Détails d’A Monster’s Expedition
| Versions | Sortie | Développeur | Éditeur |
|---|---|---|---|
| PC | 🌐 10/09/2020 | Draknek & Friends | Draknek & Friends |
| Switch | 🌐 05/08/2021 | Draknek & Friends | Draknek & Friends |
Test d’A Monster’s Expedition sur Switch
Test réalisé à partir d’une version fournie par l’éditeur sur Switch
| Langues | Français / Anglais / Allemand / Espagnol / Italien / Japonais / Coréen / Néerlandais / Portugais / Russe / Chinois |
Avec A Monster’s Expedition, Alan Hazelden n’en est pas à son coup d’essai en matière de jeux de réflexion : celui qui se cache derrière le pseudonyme de Draknek est le créateur de Sokobond, Cosmic Express ou encore A good snowman (is hard to build). Suite spirituelle de ce dernier, A Monster’s Expedition propose d’intégrer les mécaniques du puzzle game, habituellement fractionné en niveaux, dans un impressionnant monde ouvert. Comment un jeu basé sur la logique peut-il laisser le joueur libre de choisir sa voie ?

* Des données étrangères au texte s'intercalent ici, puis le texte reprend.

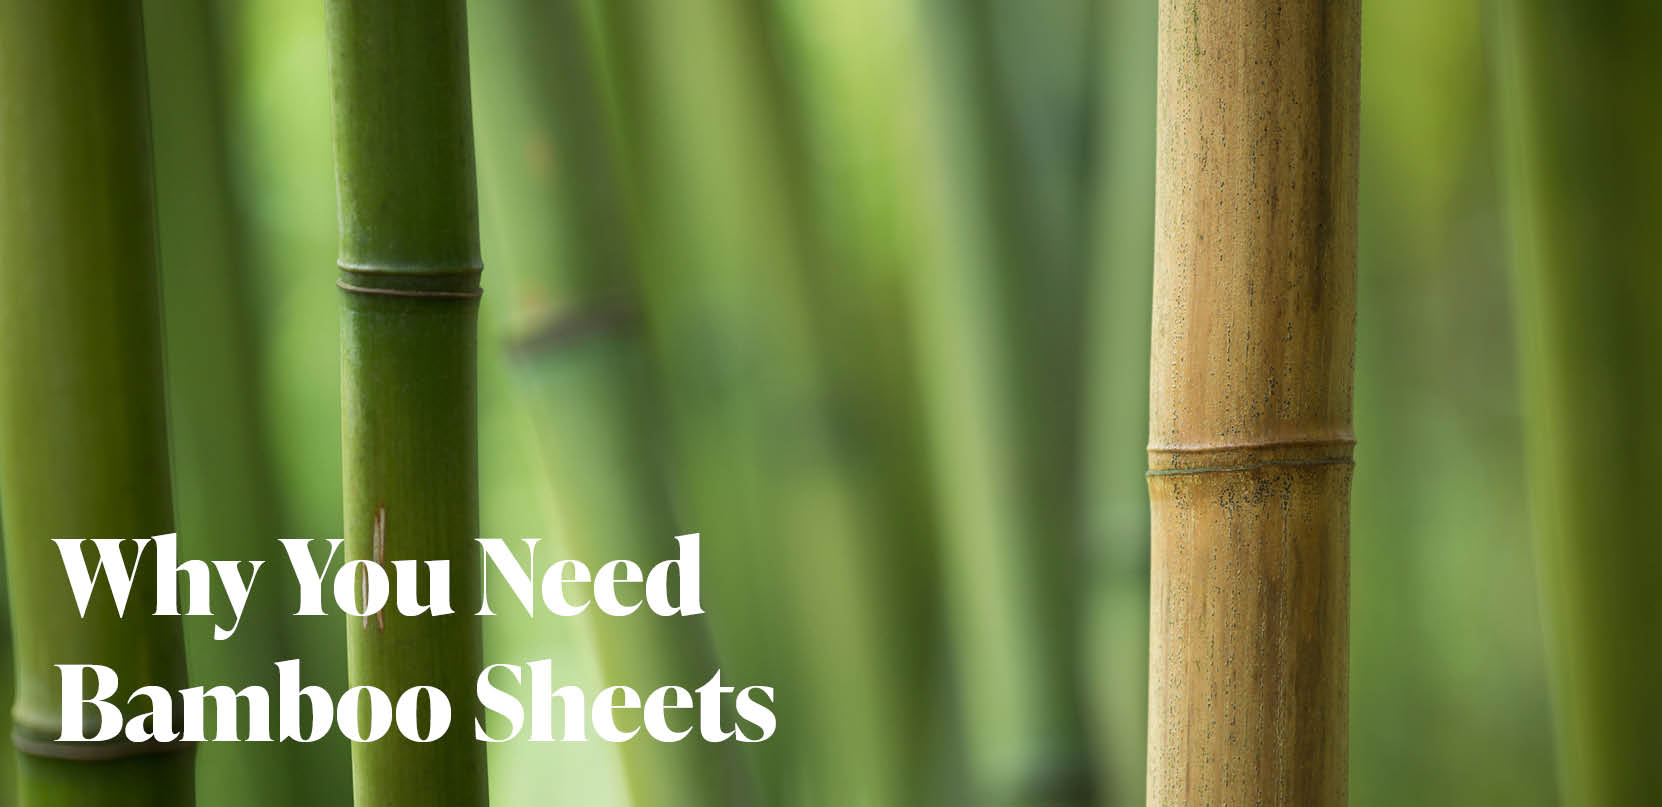 Why You Need Bamboo Sheets

A Monster’s Expedition met le joueur aux commandes d’un monstre qui se fraie un chemin à travers ce qui ressemble à un musée dédié aux humains. Celui-ci se compose d’un nombre conséquent de petites îles représentant chacune un puzzle ; le joueur doit faire tomber et pousser des troncs d’arbres pour se créer des chemins menant aux îles suivantes. En fonction de l’orientation du tronc, le monstre le fait rouler en ligne droite ou le relève pour le déplacer d’une « case » à la fois. Un tronc qui roule doit être bloqué par un rocher ou une souche sous peine de finir son trajet dans l’eau. Créer les ponts entre les îles n’est donc pas une mince affaire, et le joueur se retrouve parfois dans des situations où il doit revoir son jugement et inventer de nouvelles approches pour poursuivre son expédition. Heureusement, plusieurs voies s’ouvrent rapidement au monstre dont le voyage s’avère moins linéaire que dans un puzzle game classique.
La grande force d’A Monster’s Expedition est de proposer un très grand monde ouvert constitué de plusieurs archipels thématiques : des lieux enneigés, des déserts, ou encore un moulin ou de gigantesques montagnes russes. Les éléments du décor accrochent l’œil et se renouvellent suffisamment pour éviter l’ennui. Les « œuvres d’art » exposées dans le musée sont des objets du quotidien vus à travers le raisonnement de monstres : les descriptions qui les accompagnent sont drôles et tournent en dérision des habitudes humaines absurdes. Si les premières îles se traversent en créant des ponts, le joueur prend conscience de l’immensité de la zone de jeu en utilisant les troncs comme des radeaux. Le musée est rempli de raccourcis et de chemins alternatifs menant à toujours plus de nouvelles zones. Cette sensation de liberté participe au plaisir de l’exploration et transforme le jeu de puzzle en promenade insouciante et bienveillante.
A Monster’s Expedition se termine en quelques heures mais laisse le joueur se fixer ses propres limites dans l’exploration des îles. La difficulté est assez variable, mais il y a toujours un chemin plus simple pour poursuivre l’aventure. À l’aide de téléporteurs sous forme de boîtes aux lettres, le monstre peut revenir sur ses pas afin de prendre d’autres directions et de découvrir de nouveaux archipels. Grâce à cette approche, le joueur peut se laisser perdre dans un labyrinthe de puzzles tout en ayant l’opportunité de les résoudre de manière plus méthodique.
En lui donnant ainsi le choix de la direction à prendre, A Monster’s Expedition permet au joueur d’apprécier la promenade à son rythme, faisant presqu’oublier l’aspect réflexion pour un bout d’évasion soutenu par une musique relaxante et des graphismes colorés.